**About this exercise**: Here the job is to repeat the listing exactly, but not the pictures in it.

**Source material**:
——

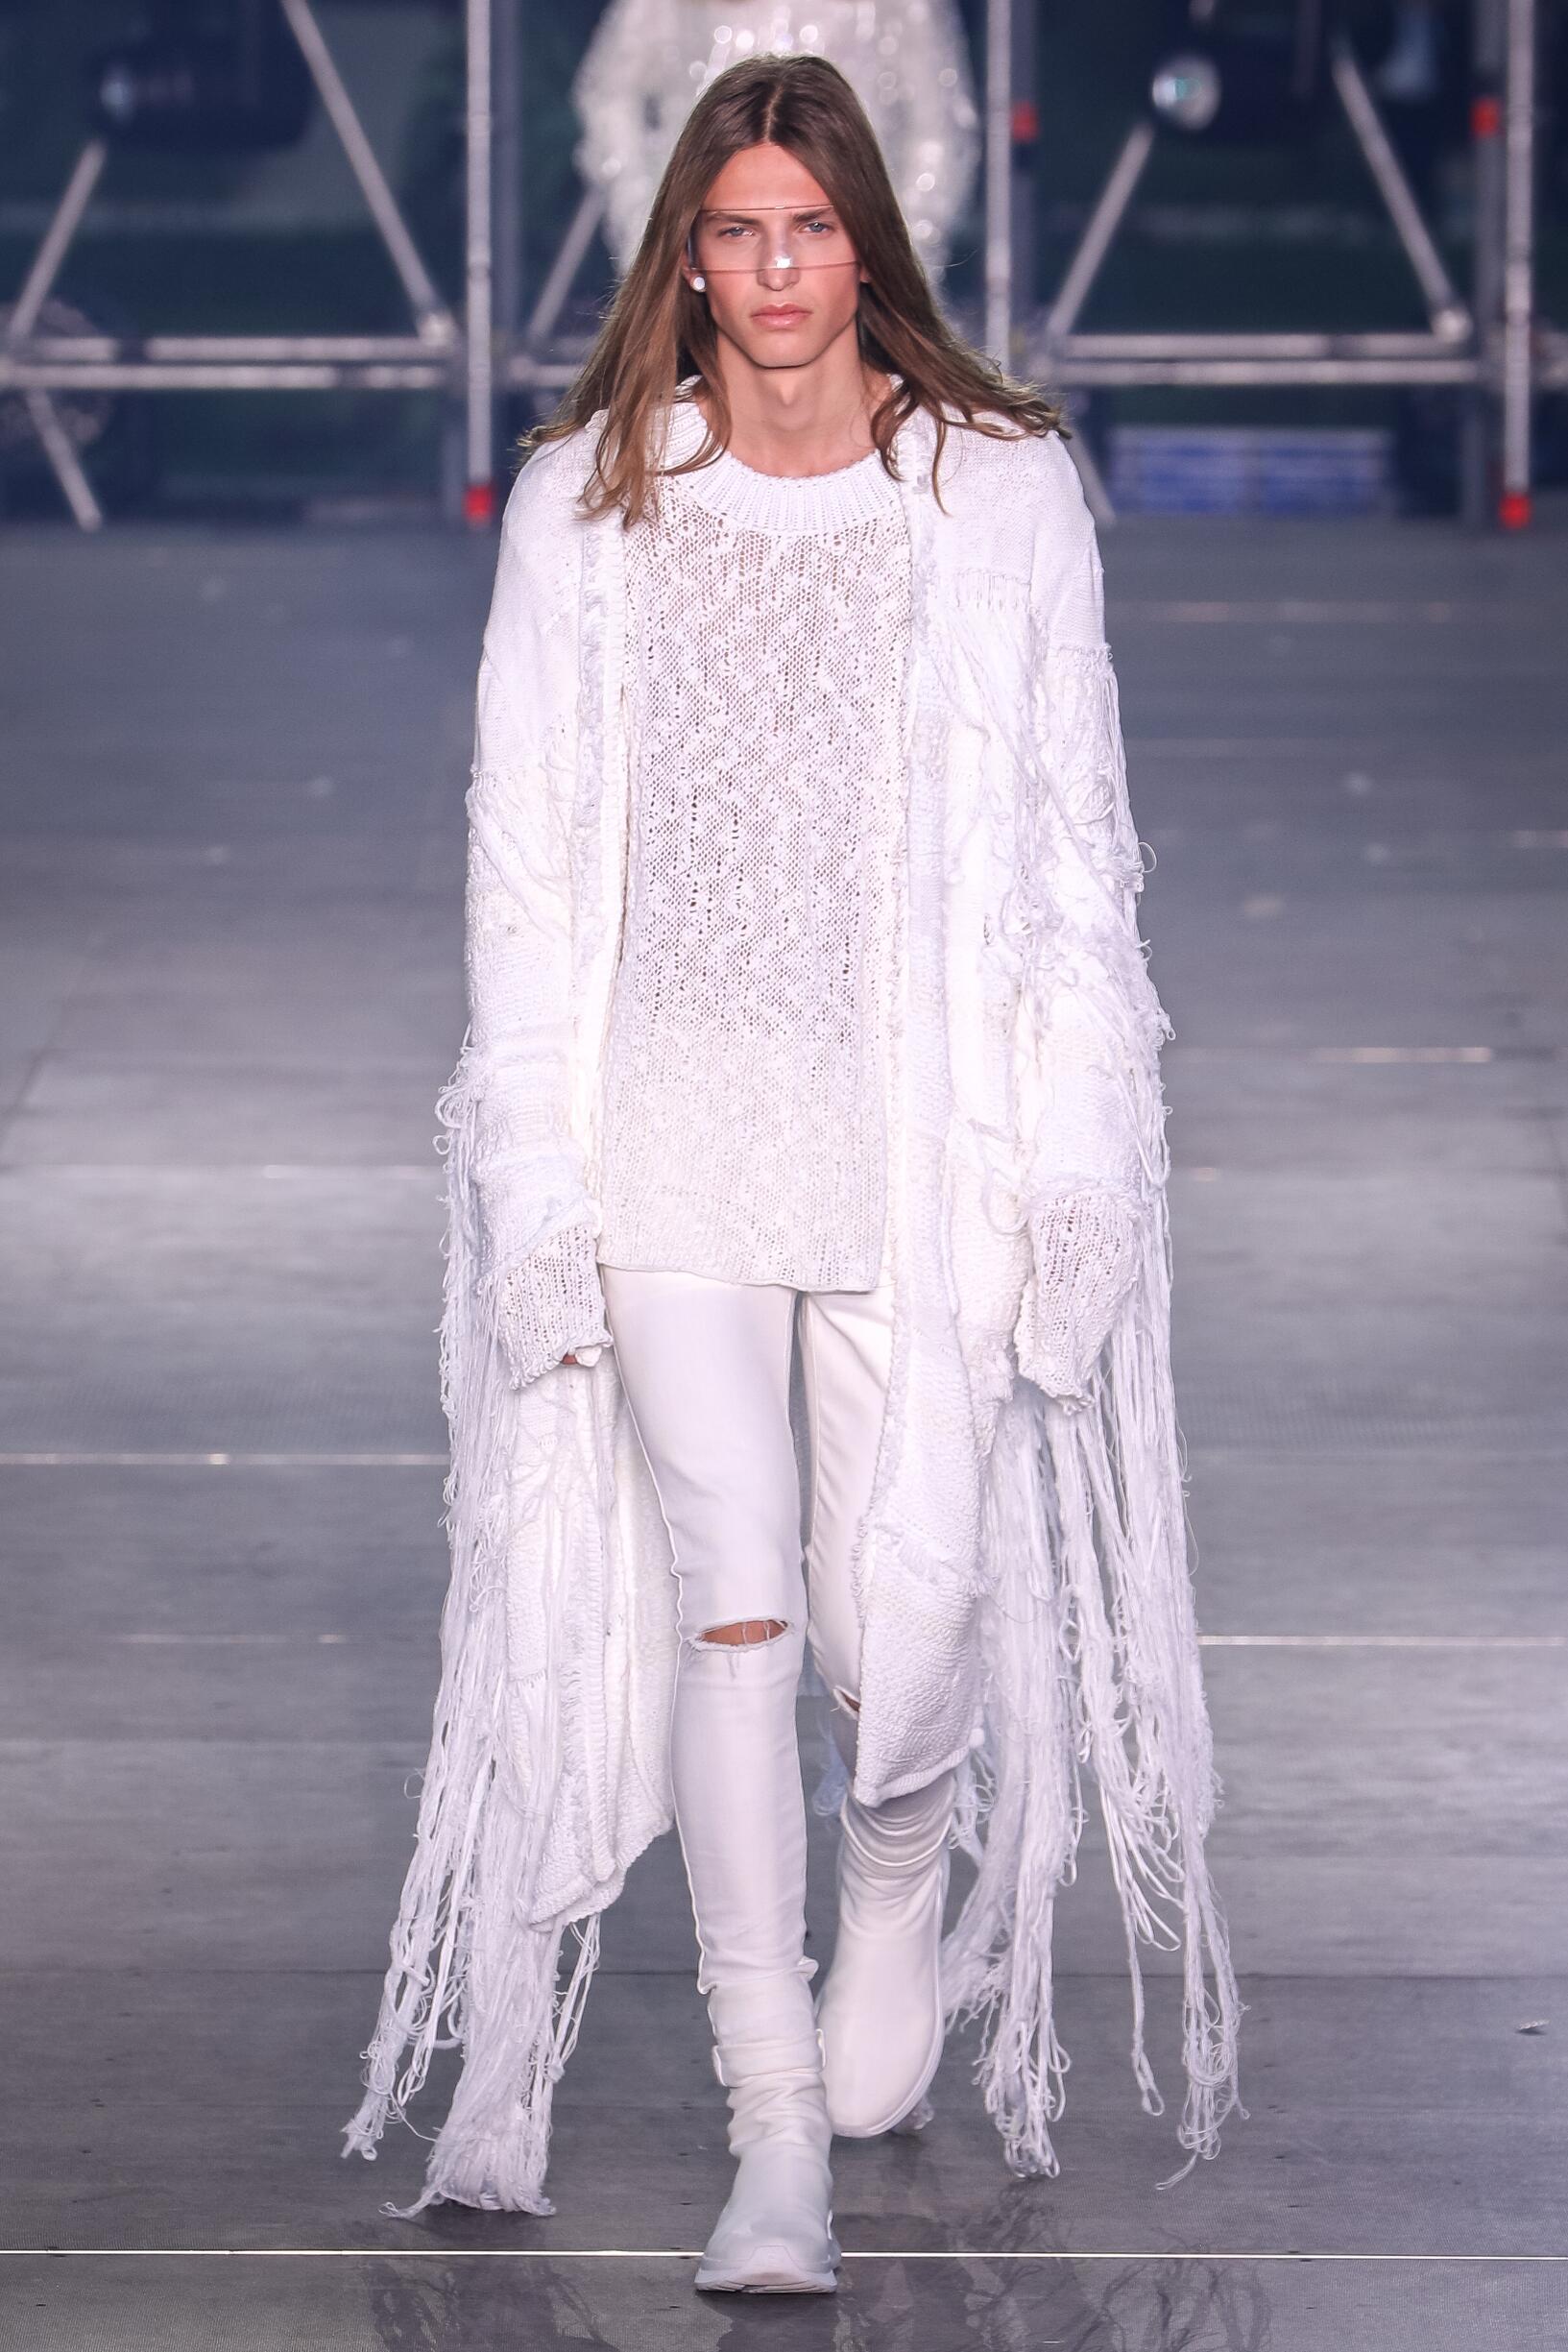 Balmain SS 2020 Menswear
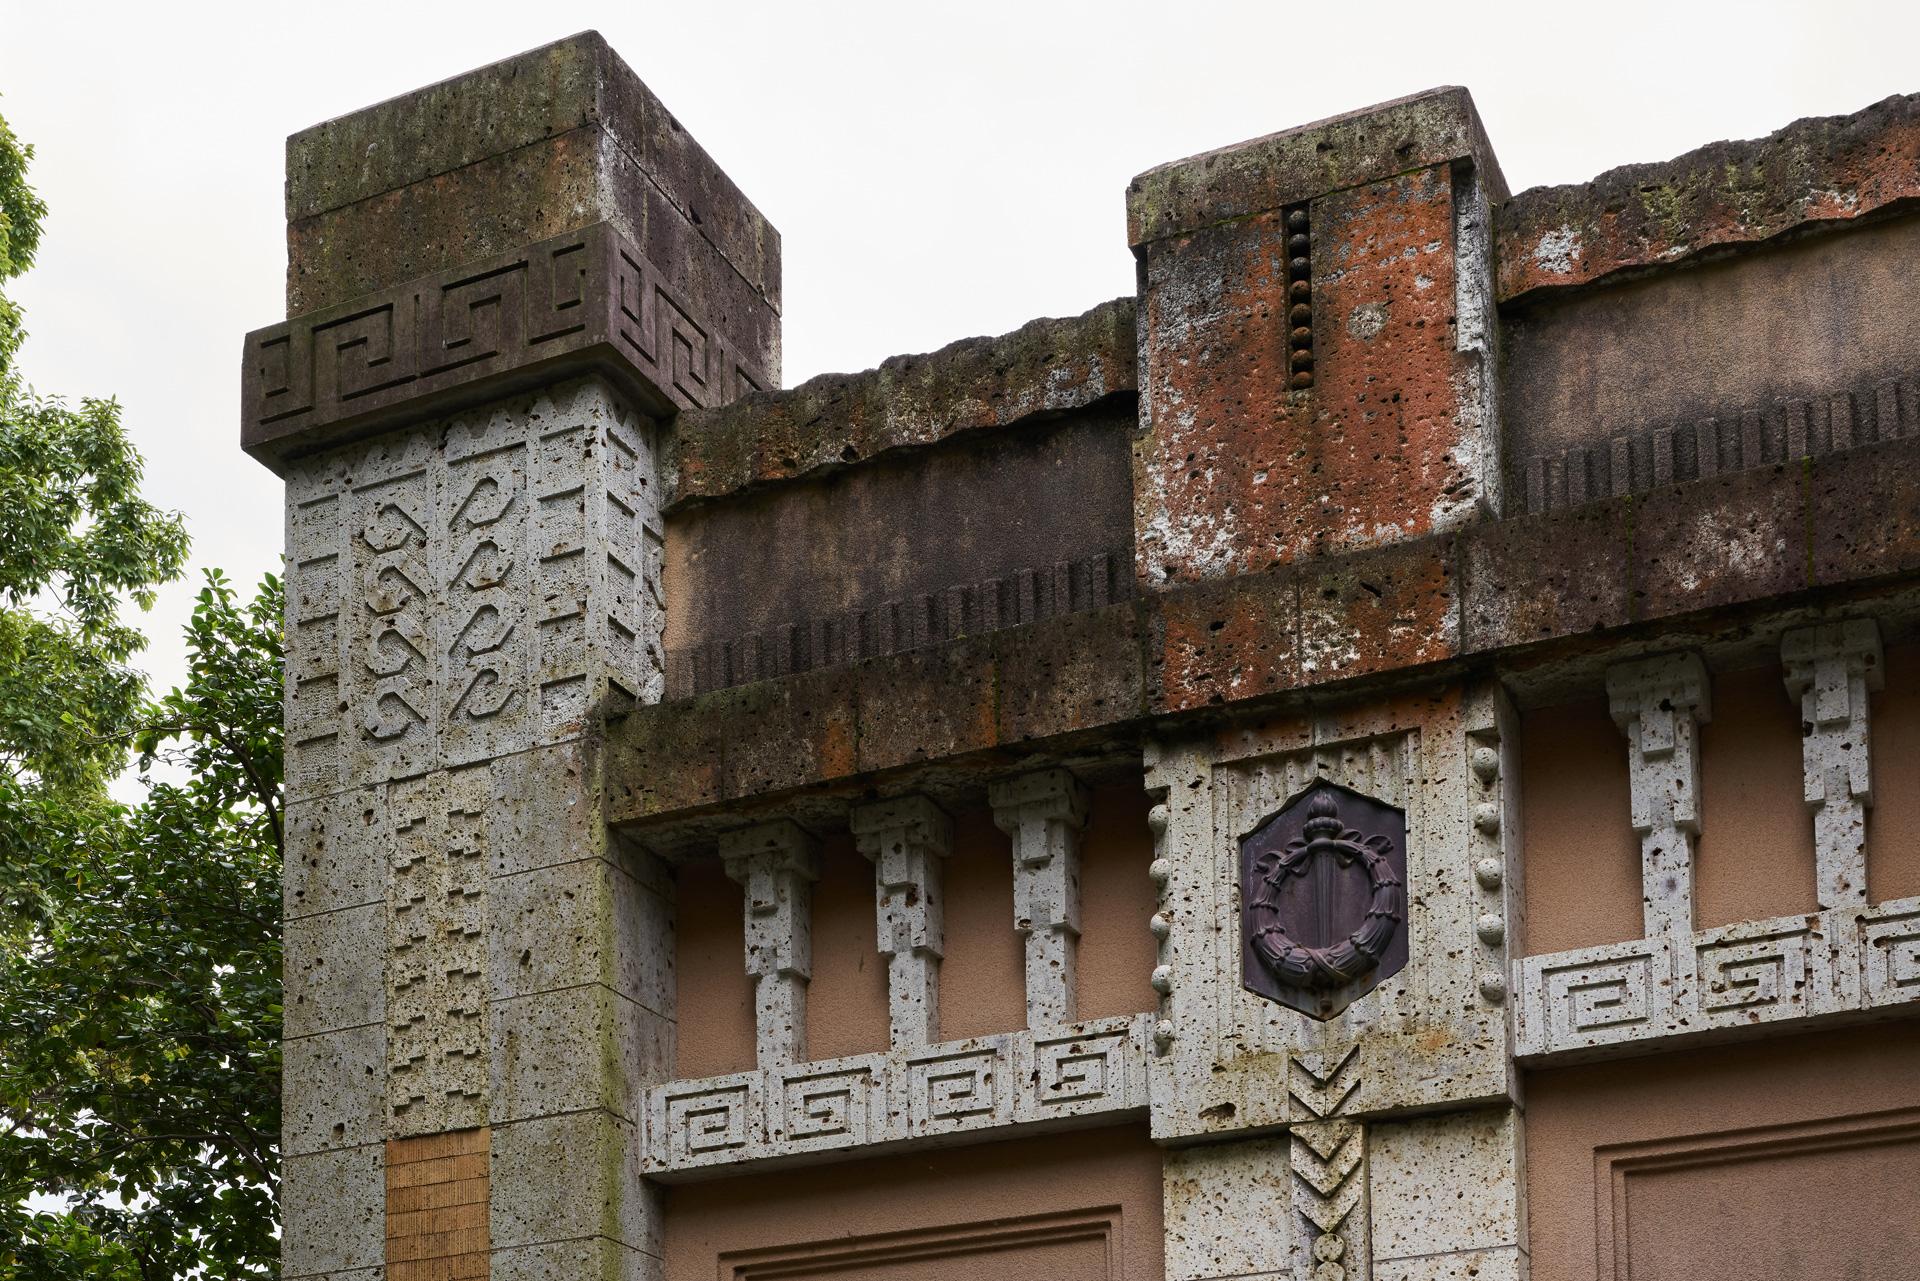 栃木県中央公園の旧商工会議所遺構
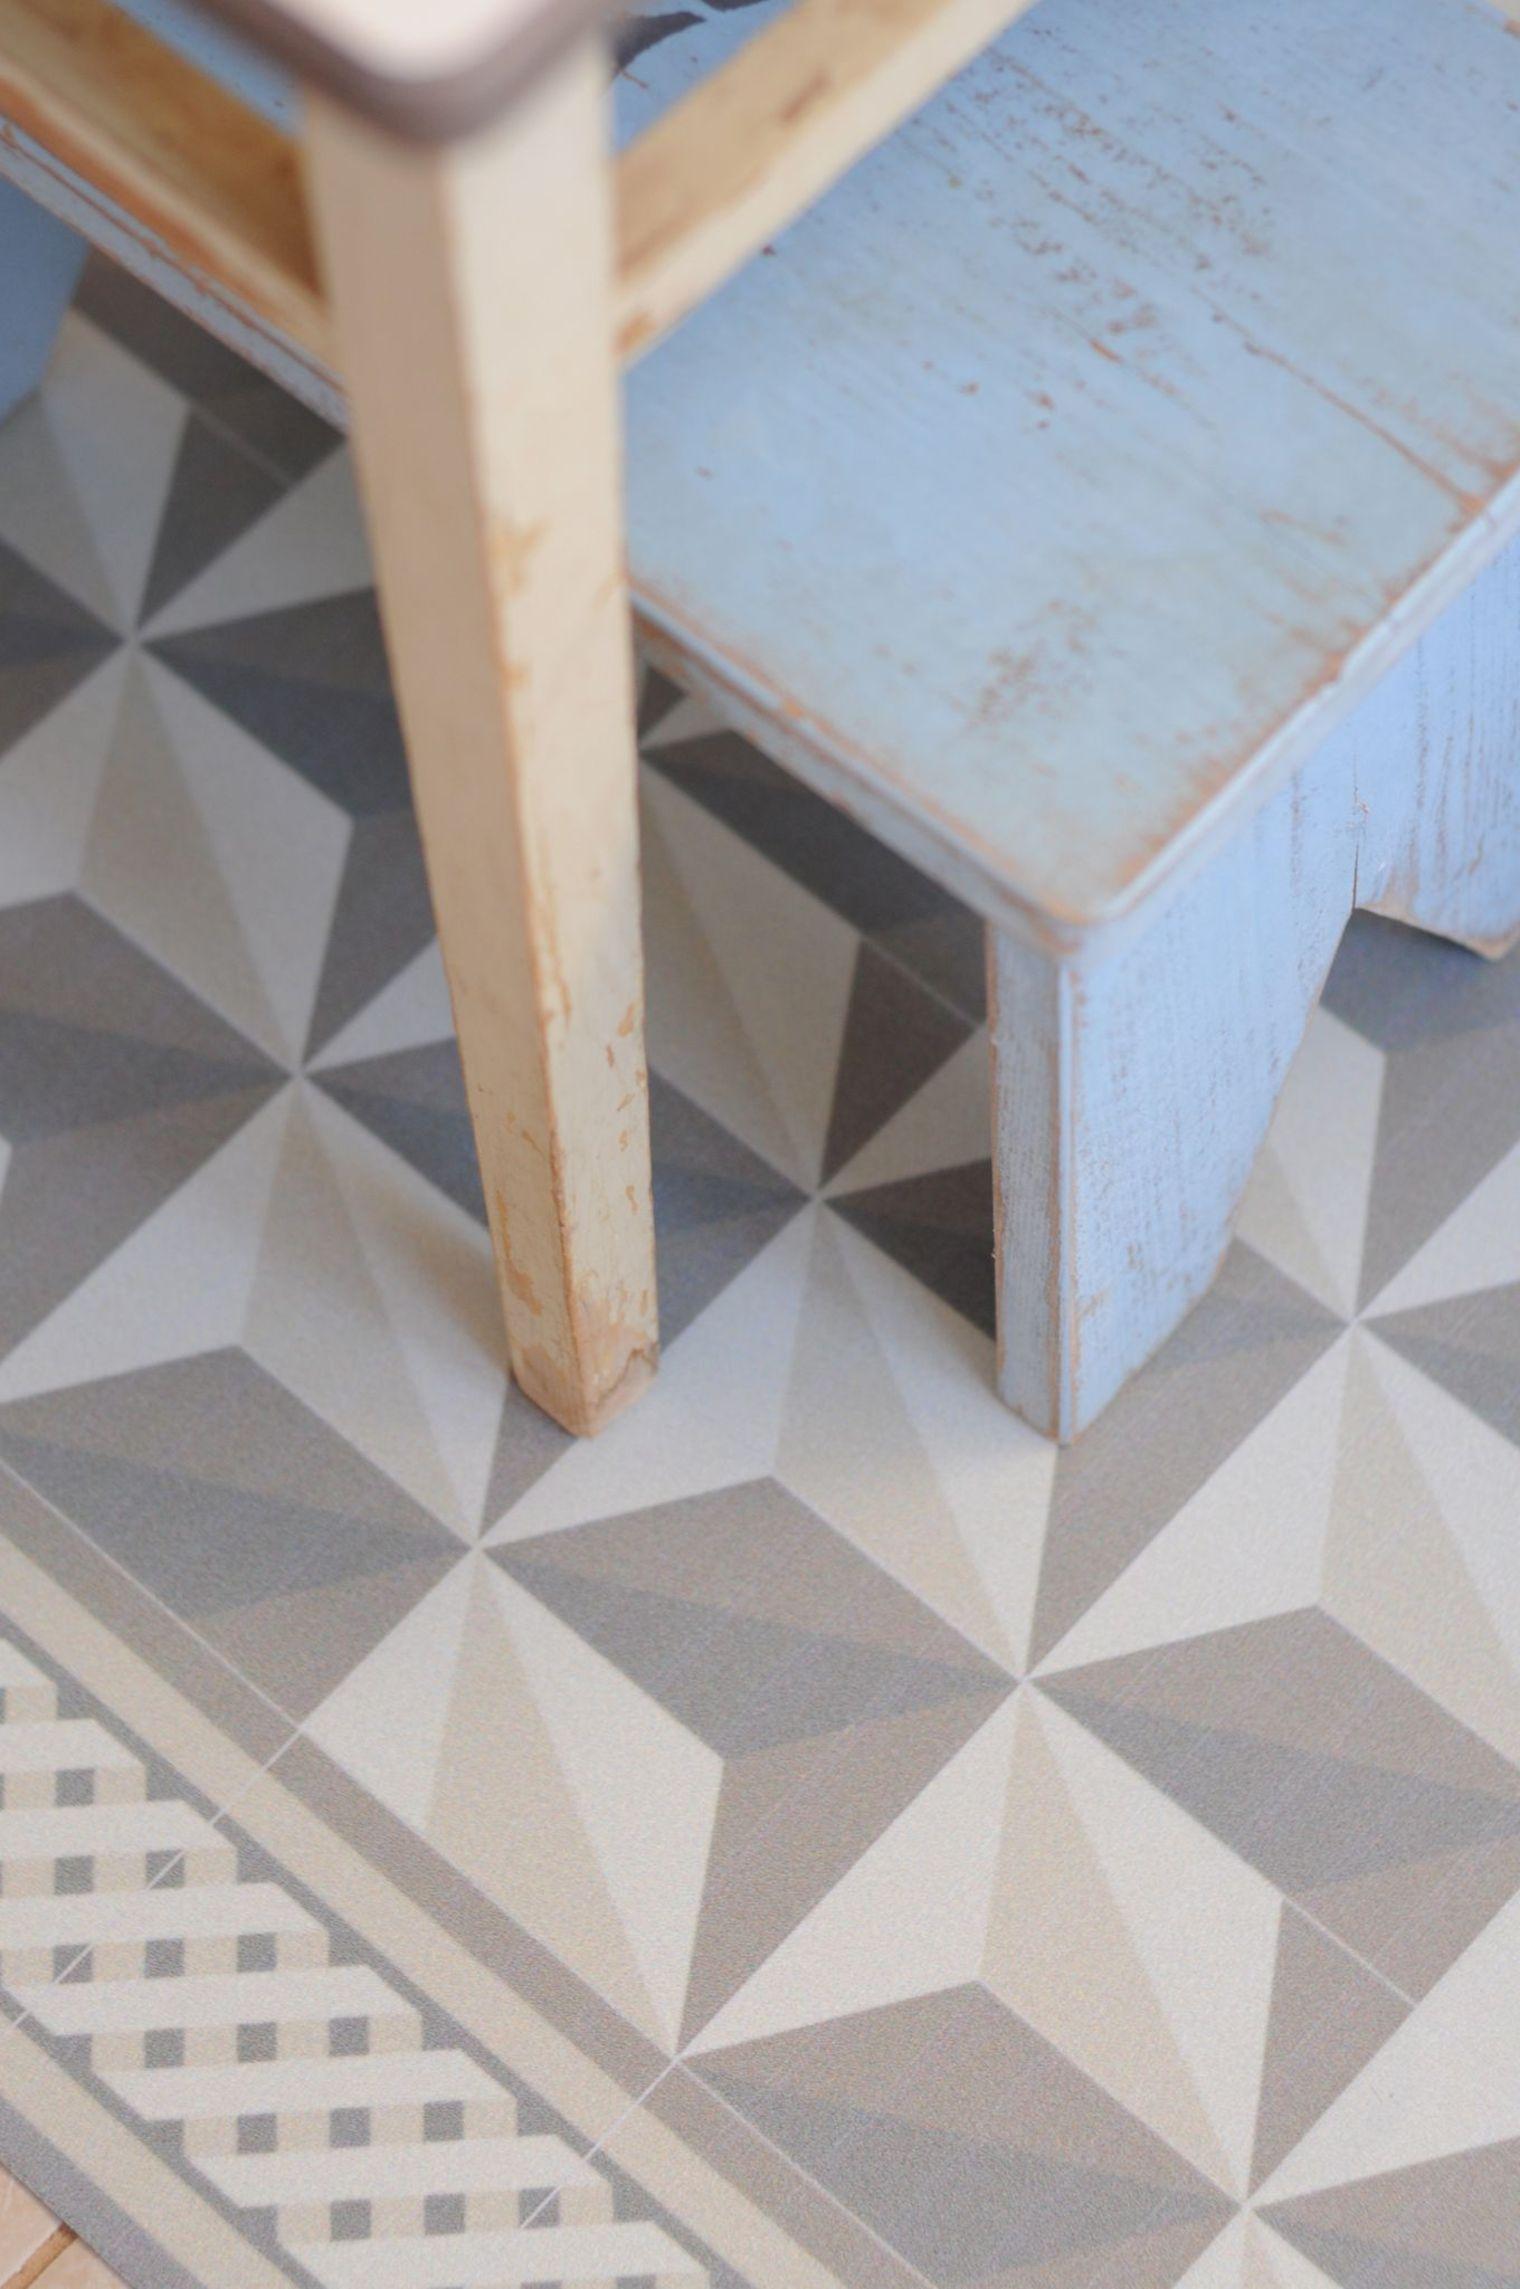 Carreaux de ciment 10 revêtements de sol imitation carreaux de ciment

——

**Task answer**:
 Balmain SS 2020 Menswear
 栃木県中央公園の旧商工会議所遺構
 Carreaux de ciment 10 revêtements de sol imitation carreaux de ciment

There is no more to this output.